Приезжали поезда на станцию.
Там встречали ласково
Пассажиров всех.
Целовали их в билетики,
А потом компостером
Хлоп-хлоп.
Москва!
 
 
      Не думайте, что я был графоманом, скорее это было нечто вроде отчаяния.
      Я приехал в Москву, поступил на филологический факультет. Конечно, я, деревенский замкнутый парень, чувствовал себя словно оледеневшим в колоссальном городе. Я был убежденным сторонником онанизма. Как говорят блатные, "жил с Дунькой Кулаковой". Я чувствовал, что не могу быть писателем. Однако надо ведь было на что-то существовать. Решил стать литературоведом. Я написал статью "У лукоморья дуб зеленый…" о сказках Пушкина. Ее напечатали в журнале "Детская литература". Статья всем понравилась. Потом я написал большую работу под названием "Окна роста и коридоры уменьшения", посвященную проблемам психологии чтения у детей в возрасте от 7 до 11 лет. Эту работу напечатали (хотя и не полностью) в одном специальном сборнике. Она вызвала одобрительные отклики нескольких людей, которых я уважал. Ваш друг Стекло говорил вам о князе, который описал своего сына, сидящего в механической табакерке. Я - специалист по этой части.
      Скорее всего, Стекло имел в виду князя Одоевского, который написал известную сказку "Городок в табакерке". В этой сказке сын князя во сне попадает внутрь музыкального механизма, в мир понукания, где все страдают, но никто не испытывает боли. Попытка революционного вмешательства в мрачную жизнь этого "общества" приводит к поломке и к пробуждению. "Проснуться" и "сломаться" в данном случае одно и то же. Знаете, как говорят в тюрьме - "сломался на допросе". Вот так и вы в свое время - "проснулись на допросе".
      Я решил, что мне следует избрать для изучения творчество одного единственного писателя. Я выработал критерии для выбора: этот писатель не должен быть умершим, он не должен быть слишком известным, он должен быть членом Союза писателей и регулярно публиковаться (чтобы я мог следить за его сочинениями), он не должен быть слишком официальным, не должен быть фигурой одиозной, в его текстах должно присутствовать нечто очевидно невидимое, непрочитываемое, некое слепое пятно, нечто засвеченное. Я хотел заглянуть в такую боковую щель, куда только что нырнул некто защищенный со всех сторон, некто, "чьи следы не оставляют следов". Я долго выбирал среди множества кандидатур. Оказалось, немало интересных литераторов вполне соответствует перечисленным требованиям. Выбор был трудным. Наконец, я остановился на одном писателе по имени Георгий Балл.
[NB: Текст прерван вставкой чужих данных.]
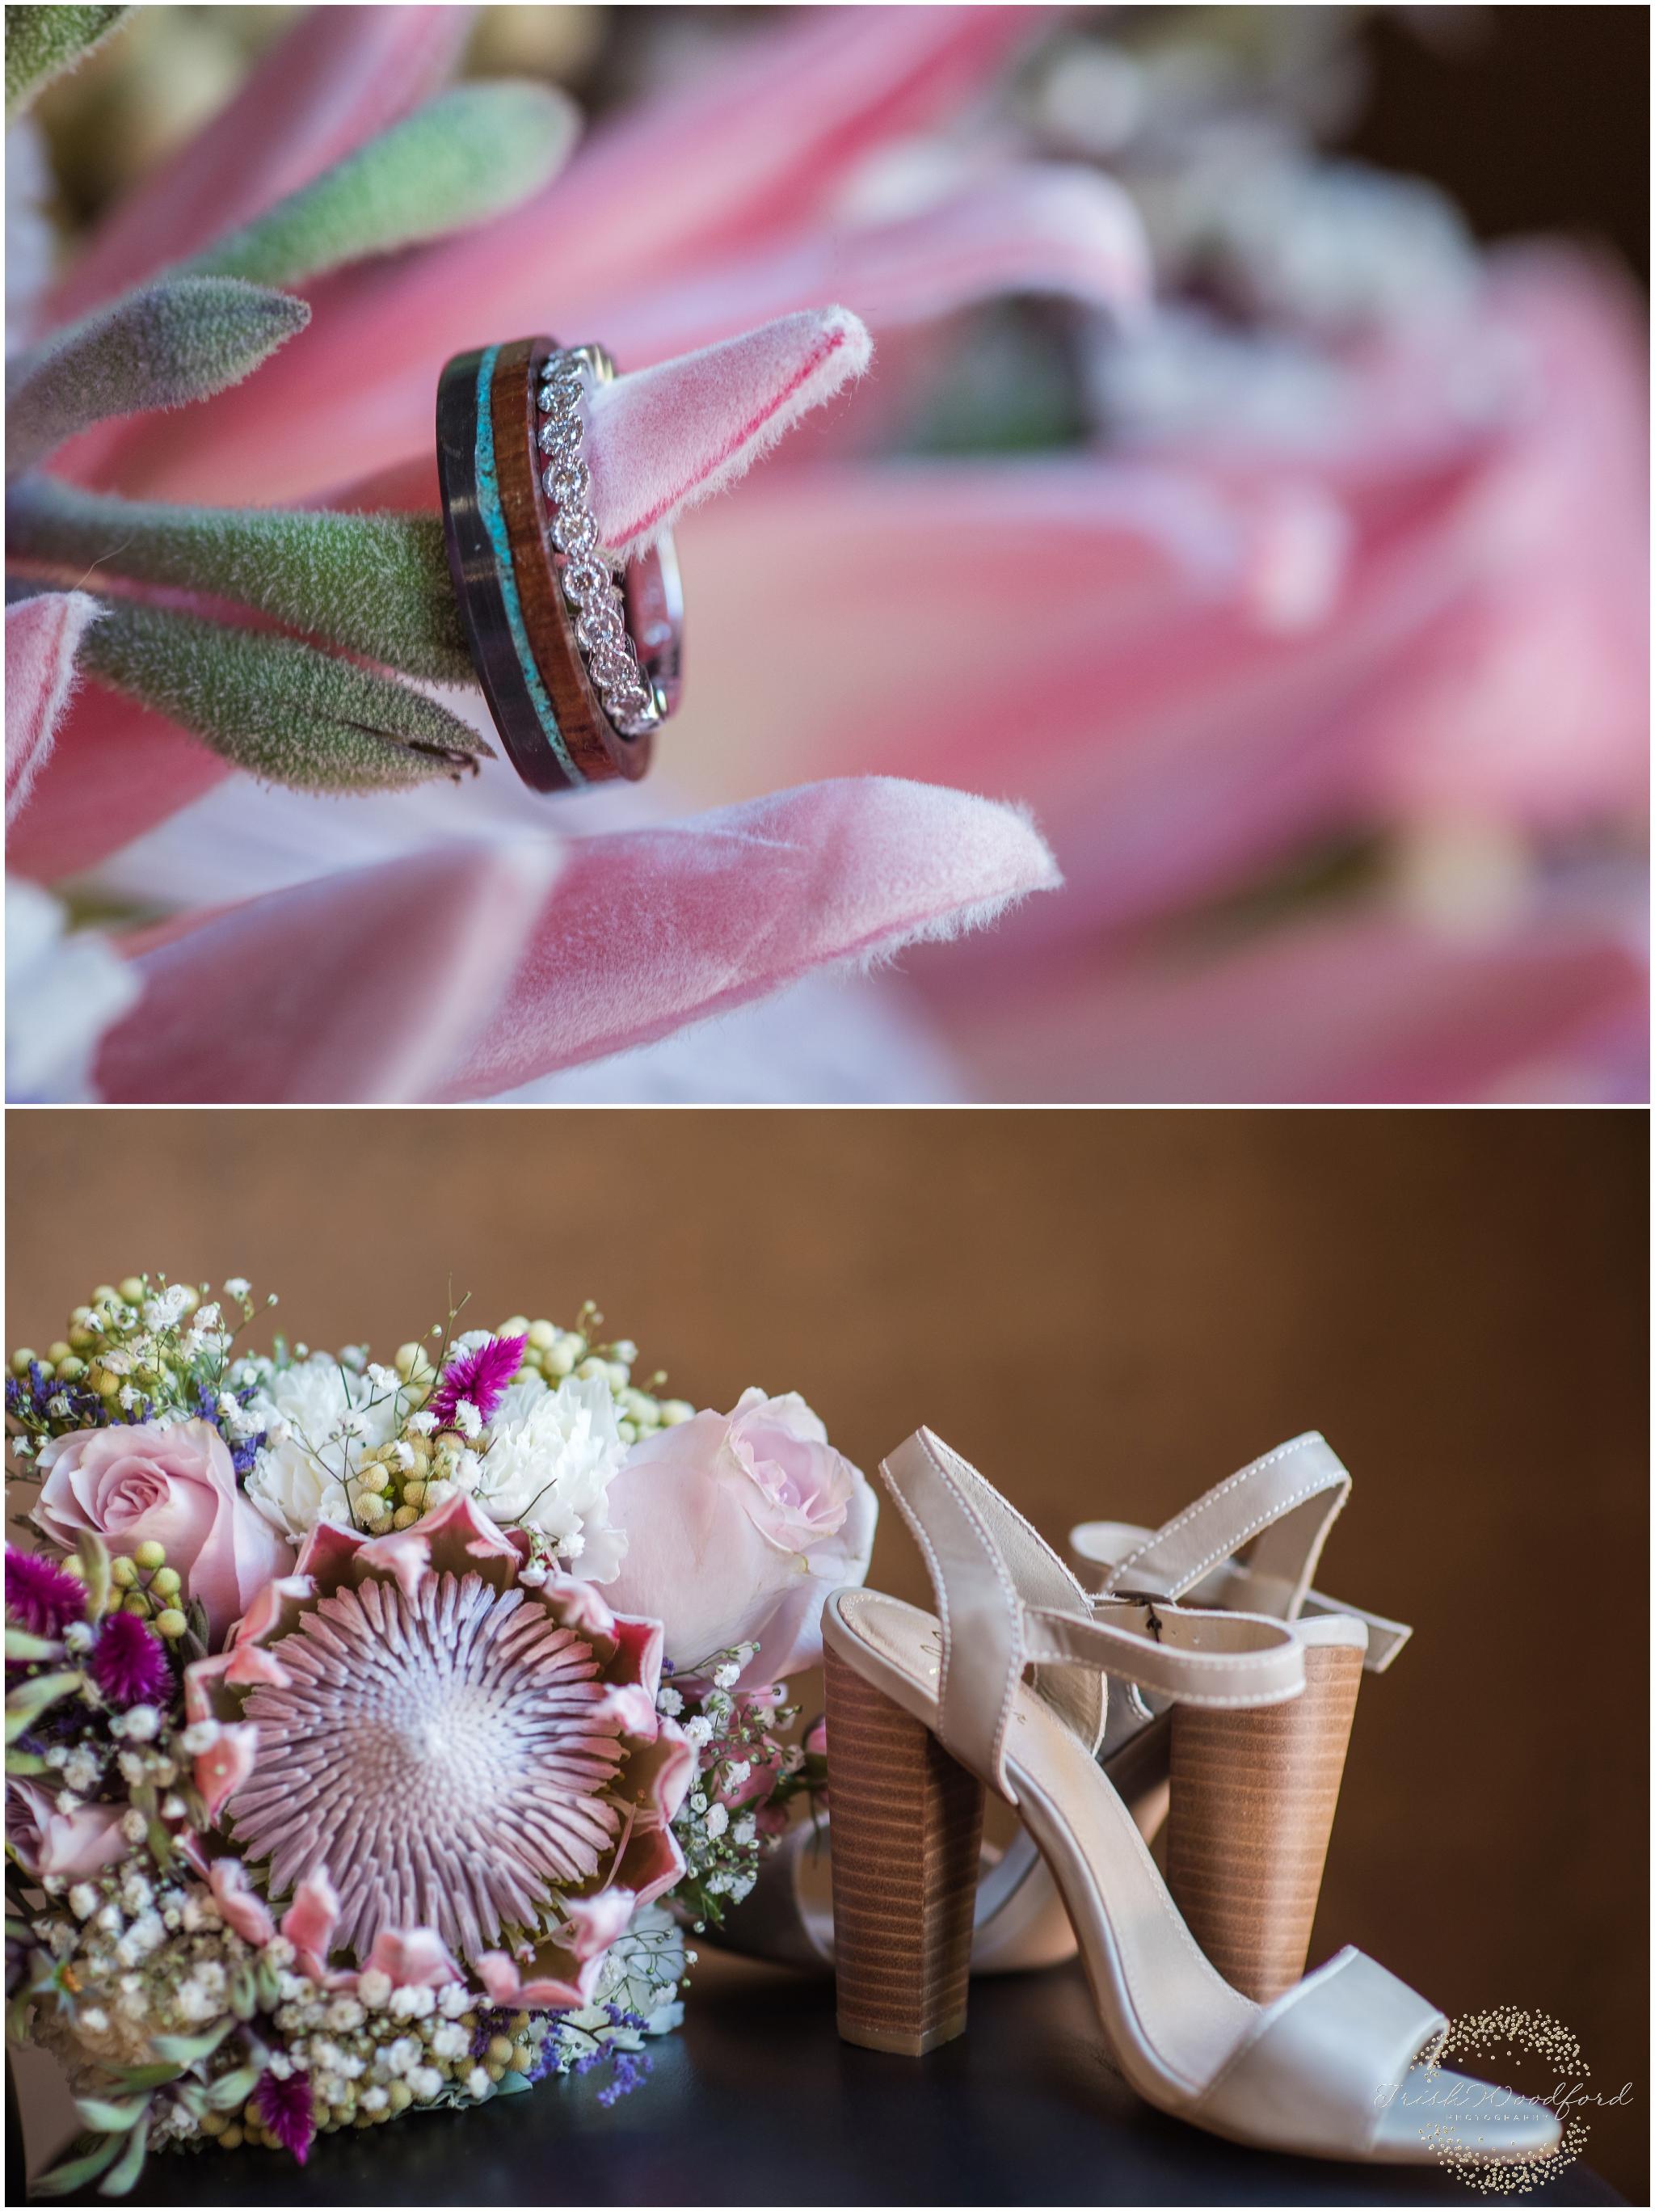 Wedding Ring & Bouquet Margaret River Wedding
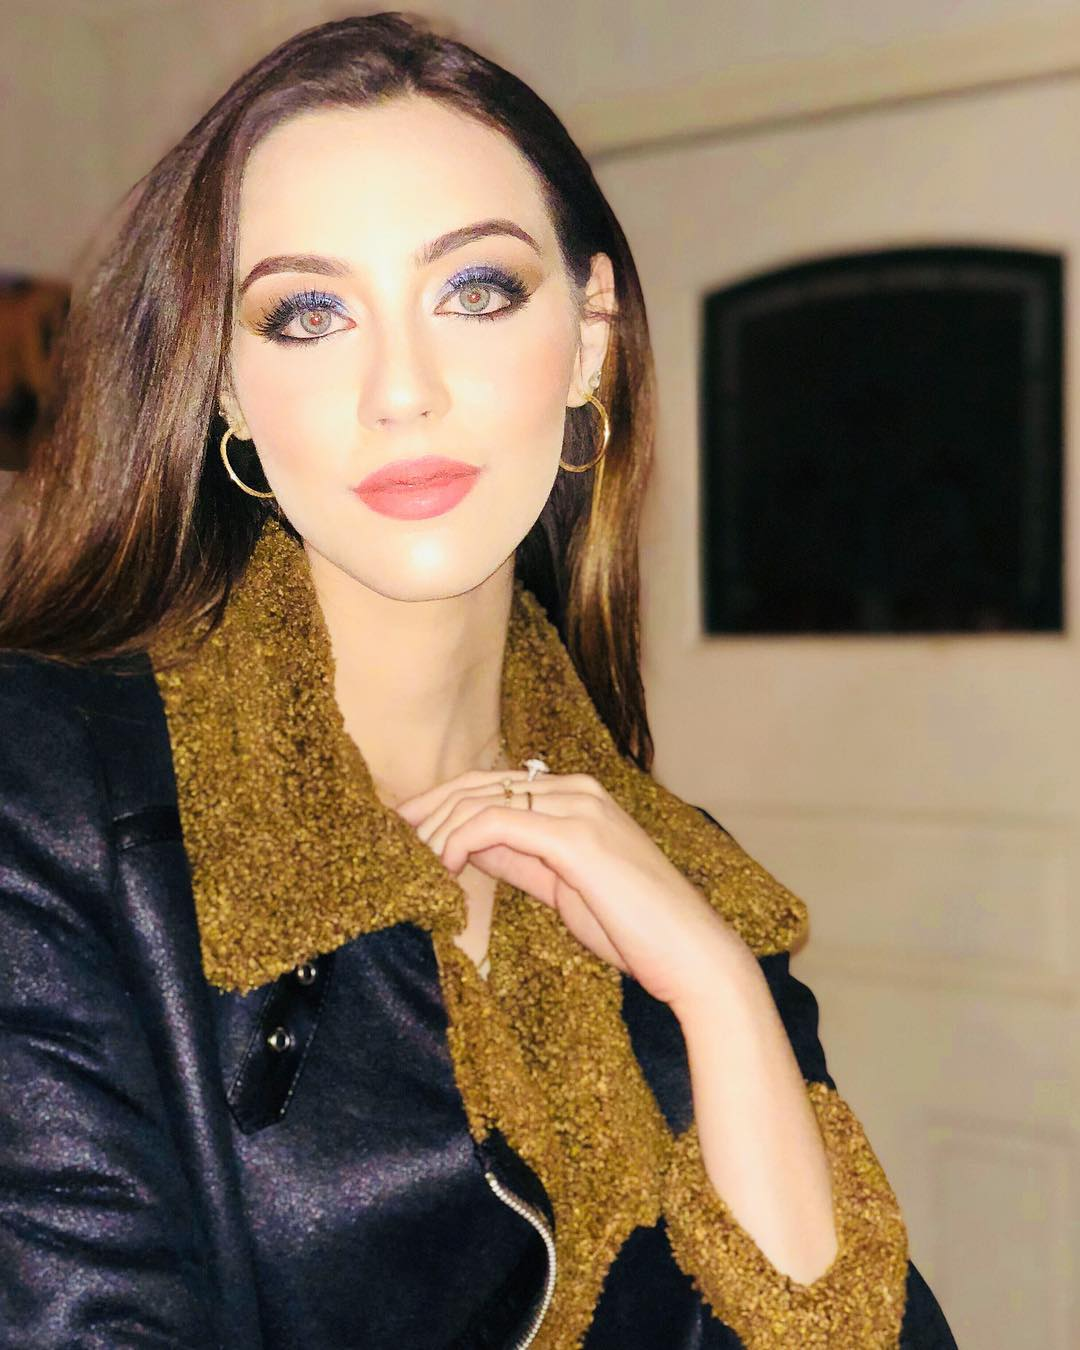 candidatas a miss world australia 2018. final: 31 agosto. - Página 4 H6am2q3b

Лично я его не знал. Видел один раз мельком, но не стал знакомиться, чтобы сохранить теоретическую дистанцию. Он писал и для взрослых и для детей. Из его "взрослых" вещей мне попался на глаза только сборник рассказов "Трубящий в тишине" и фрагмент неоконченного романа "Болевые точки". Больше меня заинтересовали тексты для детей: "Торопын-Карапын", "Речка Усюська", "Зобинька и серебряный колокольчик". Все они отмечены присутствием приторной "сладости" и одновременно "жути", причем эти сладость и жуть нигде не сходятся между собой, нигде не образуют привычную "сладкую жуть". Они существуют параллельно, и если что-то и удерживает их вместе, то это только меланхолия. В "Речке Усюське" есть такой эпизод:
      один очень старый жучок каждый день отправляется раздобыть себе еды. Ему это трудно дается. Возвращается измученный, еле-еле переставляя лапки.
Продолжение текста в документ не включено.